Carson goggled at the sea-monster part, But Sheppard nudged him in the ribs and merely said that Darlen was pulling his leg. The Marasian compressed his lips but said no more, and seeing them securely aboard, cast off.
For the first three or four hours, the trip was uneventful, pleasant even. Sheppard laid back against the bulkhead, and tipped his face towards the sun, relaxing. It was almost – not quite – but almost as good as flying. The sea air was crisp, and the only sound came from the hiss of the keel cutting cleanly through the water. The boat was making it's way through clusters of islands, with deeper water between them. The major was almost dozing off, when Beckett grabbed his arm and hissed urgently.
"I didna' wan'ta worry anyone," he said anxiously, "But I'm sure I just saw – well – Nessie."
Sheppard sat up, and looked at him as if he thought the doctor had had too much sun.
"Nessie?" he repeated incredulously.
"Aye, ya know, the Loch Ness Monster."
"I know what Nessie is," he said, "But here, really."
Beckett's face was deadly serious. "Aye, and if you look behind you, you'll see it too."
Sheppard whirled round and saw, incredibly, loops of …sea-serpent heading towards them. Fast. The loops were topped by a head easily as big as their boat, with huge teeth, and great big eyes, and at the other end was a huge honkin' tail, thrashing around. He swallowed. It was heading right at them.
Dalen's face was white with fear, but he was gamely trying to steer their boat away from onrushing doom. Sheppard brought up his P90, as the creature bore down on them, and flicked off the safety. He wasn't sure just how much good the weapon would be if it decided to attack, but he had to try. It kept coming. He fired a warning burst over the creature's head, but it didn't deter it, so he took careful aim at one of its eyes, and fired again. At the last moment, the creature swerved and his shot went wide, glancing off one of the thick scales behind its head, leaving a bleeding gash. The beast screamed, no other word for it, and began to thrash. Dalen, in a panic, dived over the side. The thrashing coils began to batter the boat.

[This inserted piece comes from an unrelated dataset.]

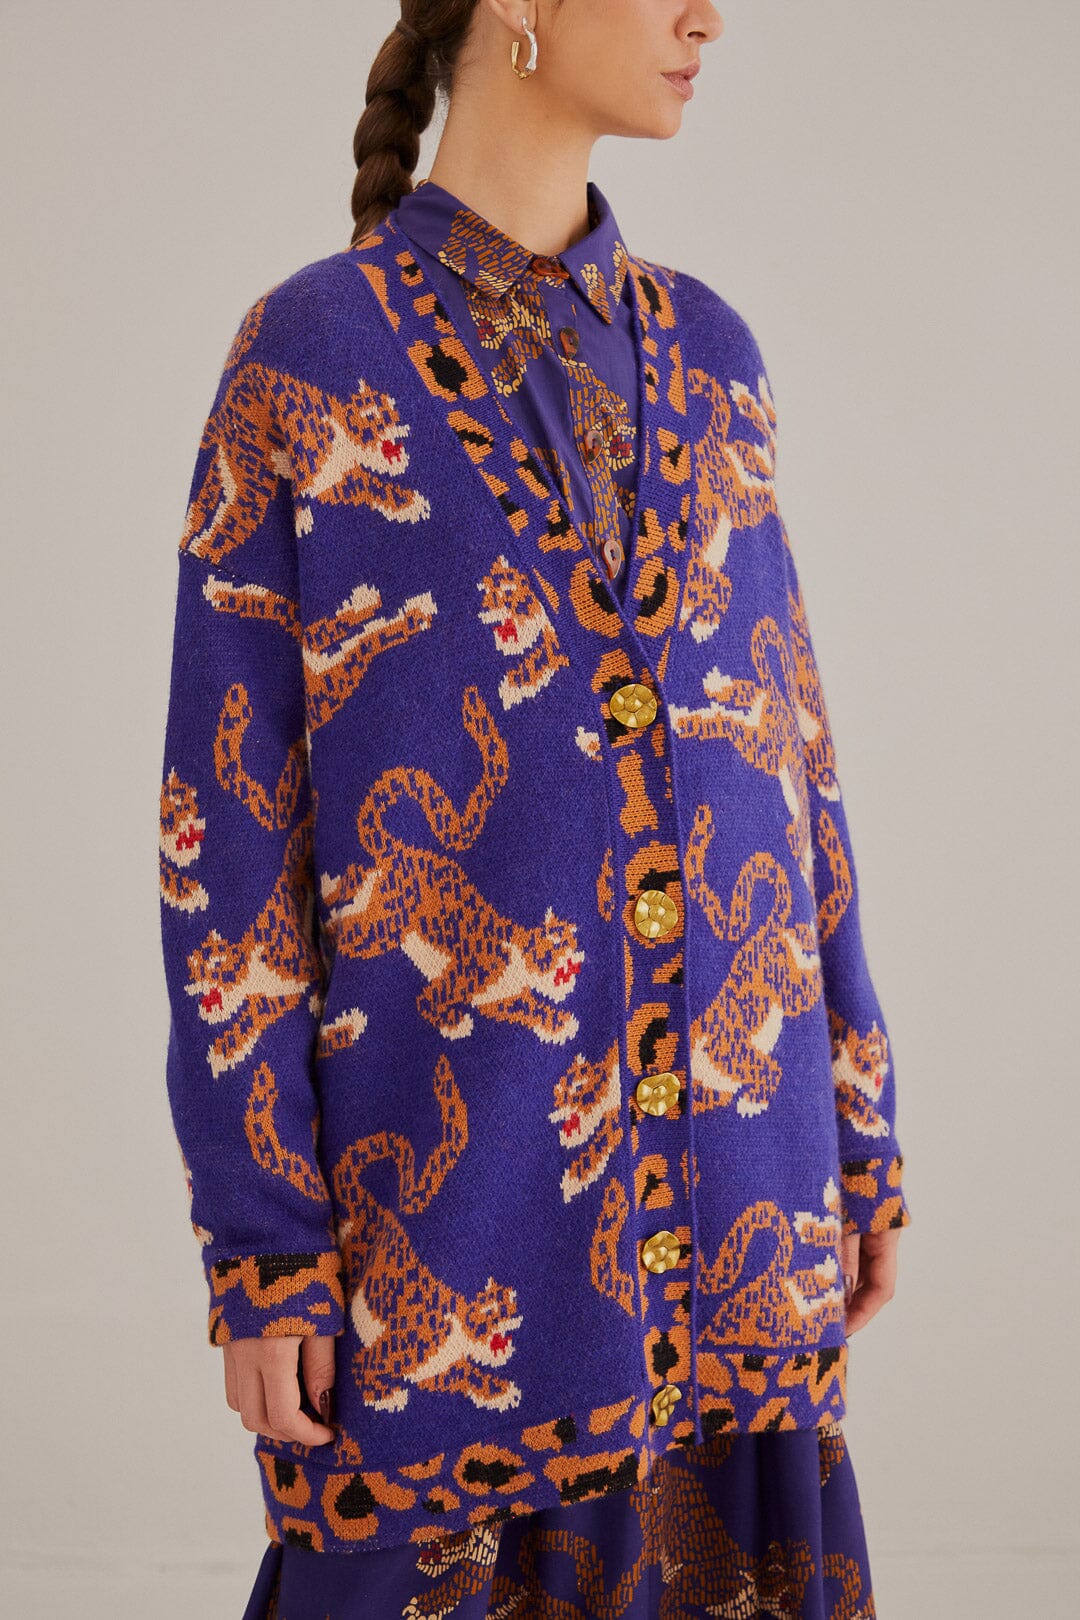 Navy Blue Leopards Knit Cardigan

"Beckett!" yelled Sheppard. "Hold on!" But it was no use. The boat began to break up under the onslaught and Sheppard was catapulted into the water. The last thing he saw before the icy water closed over his head was the creature's thrashing tail catching Beckett, and flinging him into the side of the boat. Then he was under water, the weight of the vest and his boots dragging him down, fighting and kicking to get back to the surface.